Several information retrieval techniques exist for gathering documents and building a 
vector representing the documents both singly and in combination. Vector space methods can 
then be used for analyzing document similarity, which in turn can be used for classifying 
documents into categories. Various techniques for building the vectors and carrying the 
classification and adapting the query vectors based on past results have been studied and 
reported. 

The AltaVista Discovery tool shows items similar to the current Web page that the user 
is browsing. Alexa similarly provides a "Related Links" capability with the same 
functionality. 

None of the above-noted techniques help in organizing related items by displaying 
suggestions which in turn can be made part of the organization nor does a change in the 
organization immediately trigger any suggestions. Furthermore, none of the above-noted 
techniques takes advantage of vector-space information retrieval, nor do commonly used "find" 
tools, that is, tools used to find similar items, with or without associated organization 
metaphors, provide suggestions based on similarity of content to prototypical example 
documents. 

BRIEF DESCRIPTION OF THE DRAWINGS: 

The foregoing and a better understanding of the present invention will become apparent 
from the following detailed description of example embodiments and the claims when read in 
connection with the accompanying drawings, all forming a part of the disclosure of this 



invention.

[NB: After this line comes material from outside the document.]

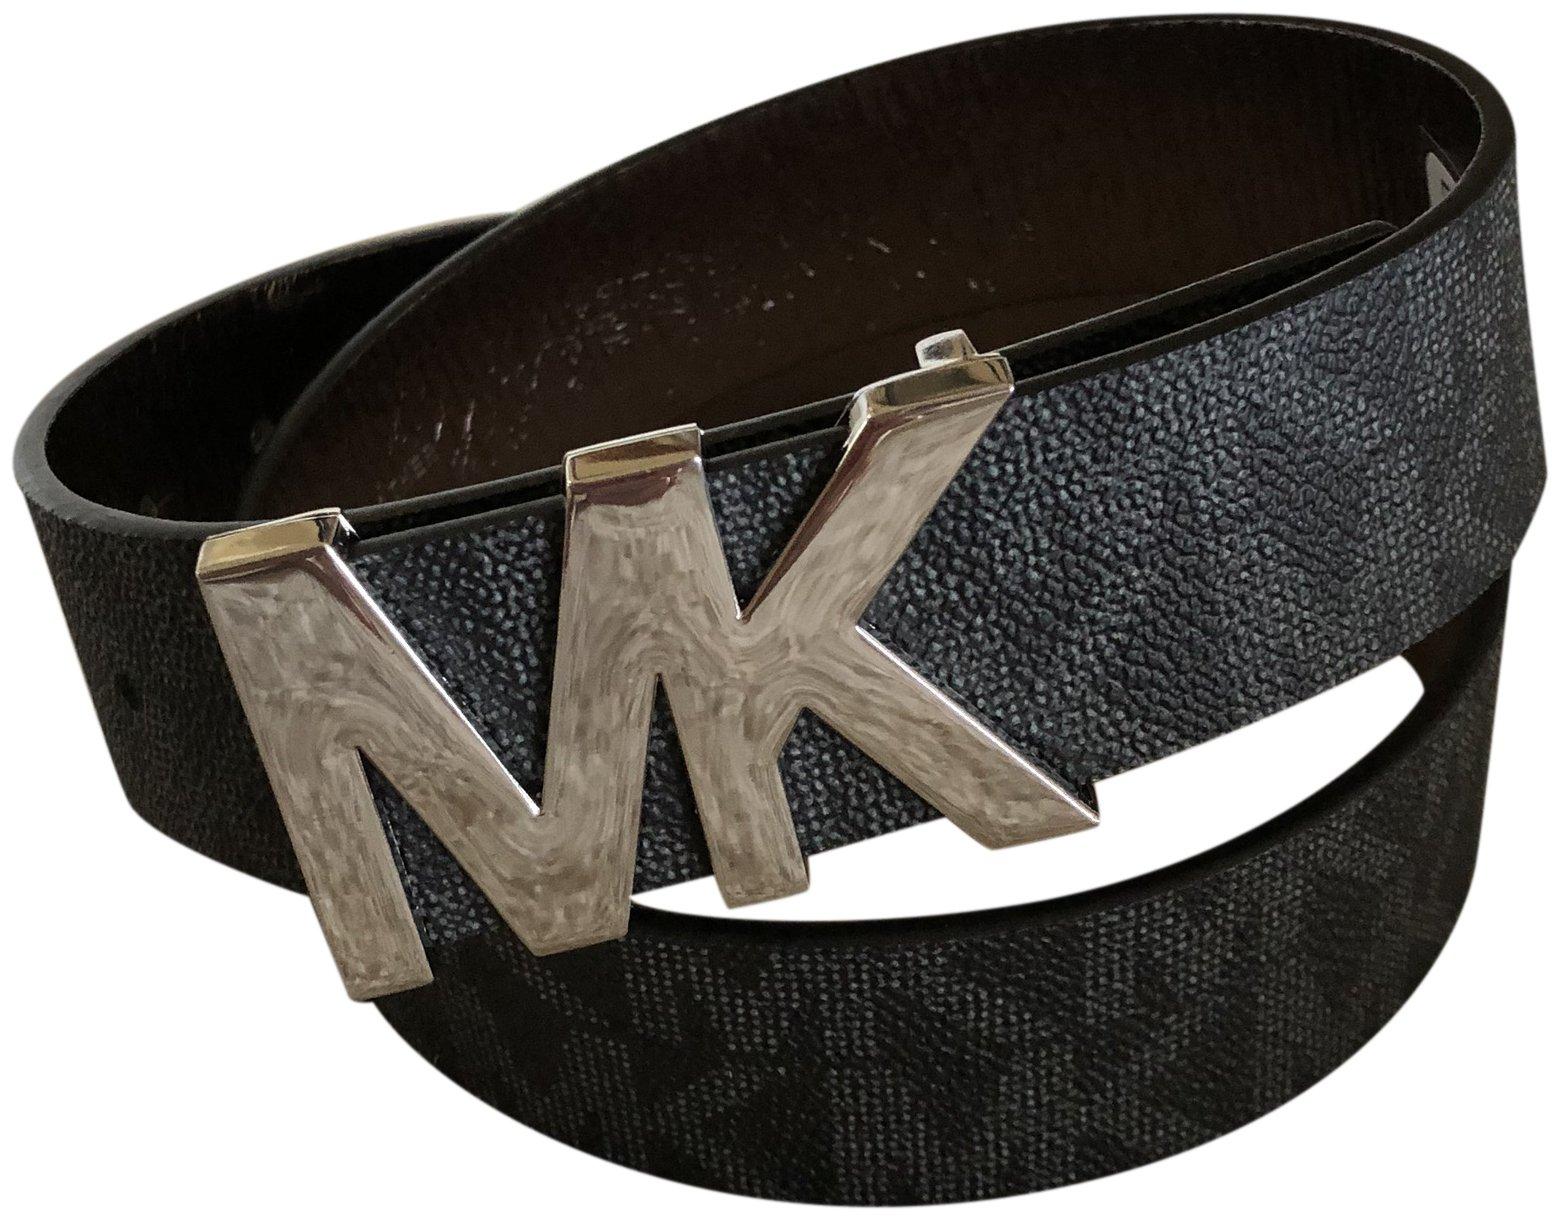 Michael Kors Womens Belt, Signature Logo Wide Belt – Black

While the foregoing and following written and illustrated disclosure focuses on 
disclosing example embodiments of the invention, it should be clearly understood that the same 
is by way of illustration and example only and the invention is not limited thereto. The spirit 
and scope of the present invention are limited only by the terms of the appended claims. 
The following represents a brief description of the drawings, wherein: 
FIG. 1 illustrates one example implementation technique in accordance with the present 
invention. 

FIG. 2 illustrates in detail an example of one of the elements illustrated in FIG. 1. 
FIG. 3 illustrates a screen shot of a display of an example implementation technique in 
accordance with the present invention. 

DETAILED DESCRIPTION: 

Before beginning a detailed description of the subject invention, mention of the 
following is in order. When appropriate, like reference numerals and characters may be used 
to designate identical, corresponding, or similar components in differing drawing figures. 
Furthermore, in the detailed description to follow, example sizes/models/values/ranges may 
be given, although the present invention is not limited thereto. Lastly, well-known power 
connections to various components are not shown within the drawing figures for simplicity of 
illustration and discussion and so as not to obscure the invention. 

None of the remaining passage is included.